Today I would like to talk about some difficulties regarding benchmarking of hard problems. With hard problems I mean problems which are supposed to be harder than NP, or related classes, from a computational complexity point of view. This is a very interesting topic on which I am currently working in collaboration with Cassio P. de Campos from Queen’s University Belfast. The motivation for this work comes from the fact that we are both confronted with very difficult computational problems in our research. In the past I have worked a lot with stochastic combinatorial optimization problems, which might be extremely difficult to solve or even to approximate. For example, the *Probabilistic Traveling Salesman Problem with Deadlines *is #P-hard, which implies NP-hardness and is a much stronger hardness result. In fact, already the evaluation of the objective function for this problem is #P-hard. The question is, how can we empirically assess the performance of algorithms for difficult problems such as the *Probabilistic Traveling Salesman Problem with Deadlines*?

The situation is not too bad if we are able to compute the value of an optimal solution in a reasonable amount of time and if we are able to evaluate solutions in a reasonable amount of time. But since the problem is #P-hard this is only possible for very small instances. Instances of practical relevance might not belong to that category. What can we do in that case?

If we create a benchmark by sampling from the set of relevant instances in a fair way, we run into the following two problems: We are in general not able to compute an optimal solution (or the value of an optimal solution) for the benchmark instances and we are in general not able to evaluate solutions provided by algorithms on the benchmark instances (in many cases not even approximately). How can we empirically assess the performance of algorithms in such a setting? It seems that we cannot do a lot here.

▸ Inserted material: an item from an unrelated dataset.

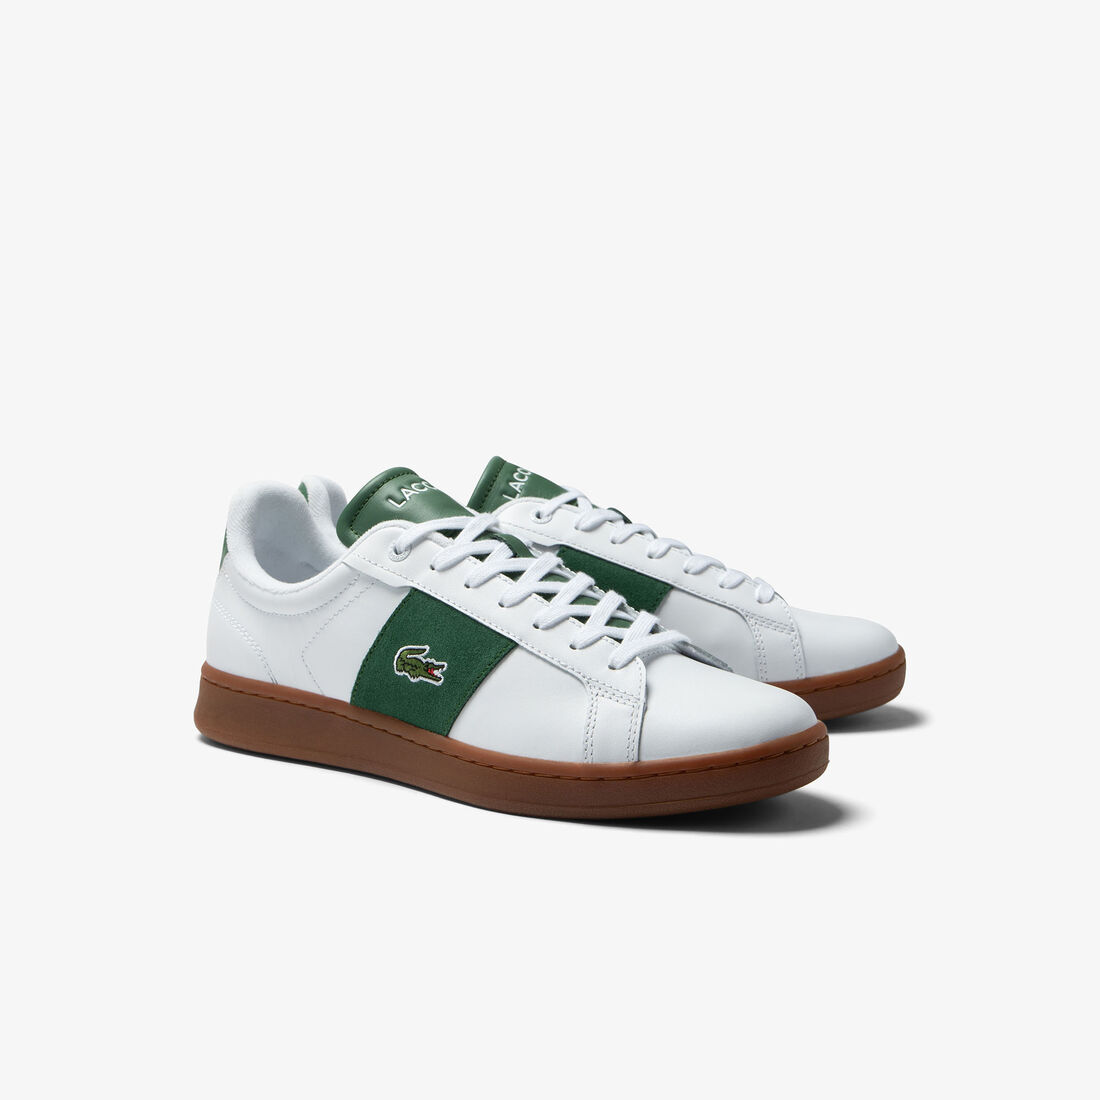 Lacoste Carnaby Pro Leder Colour Pop Sneakers Herren Weiß | YQLD-71829

An algorithm returns a solution and we are not able to evaluate, or even estimate, the quality of such a solution.

### How can we circumvent this problem?

Are there any ways to circumvent this problem? Well, we could sample and select instances of relevant size for which the above problems do not apply for some reason, or we could use an instance generator in order to create instances together with certain information about these instances, for example the value of an optimal solution. These two approaches are commonly used and therefore I will thoroughly discuss them in the following.

The problem with the first approach is that we are not really creating a benchmark which is representative for the set of relevant instances. Let me give you an example. Let us consider the following approach: We sample a certain number of instances of relevant size. We then apply an exact solver to these instances with a quite huge time limit. After that, we select only those instances for further usage, which could be solved by the exact solver within the given time limit. The problem is that we are not sampling anymore from the set of relevant instances, but instead from the set of instances which can be solved by an exact solver within a given time limit. This introduces a kind of bias and there is a serious threat (in fact it might be quite likely) that the resulting instances are not representative for the set of relevant instances.

The second approach runs into some theoretical limitations. Whenever we use an instance generator to create instances together with certain additional information about these instances, we are also able to retrieve these additional information using an algorithm in NP or some related complexity class. If these are information that are useful for the benchmarking process, then they are also very likely useful for the given computational task. That means for problems beyond NP such an instance generator cannot exist, unless the corresponding complexity classes collapse. Or in other words: Any attempt to generate instances in such a way leads to a bias in the benchmark, because it is not possible to create instances from the set of relevant instances together with certain additional information without introducing some kind of bias.

### Conclusions

Both approaches are not very satisfactory and introduce a certain kind of bias into the benchmarking process. It seems that we are not able to empirically assess the performance of algorithms for hard problems on instances which are representative for the set of relevant instances. We can only hope that the results on our biased benchmark instances generalize to the set of relevant instances, but that does not seem very scientific to me. Computational problems are becoming more and more complex nowadays and there is a huge amount of problems with a computational complexity beyond NP. We are not able to solve them exactly and we are also not able to empirically compare algorithms for such problems. I think what we ultimately can do, is to attack these difficult problems from a more theoretical point of view, for example by finding approximation algorithms for related computational tasks or by identifying important special cases which are tractable.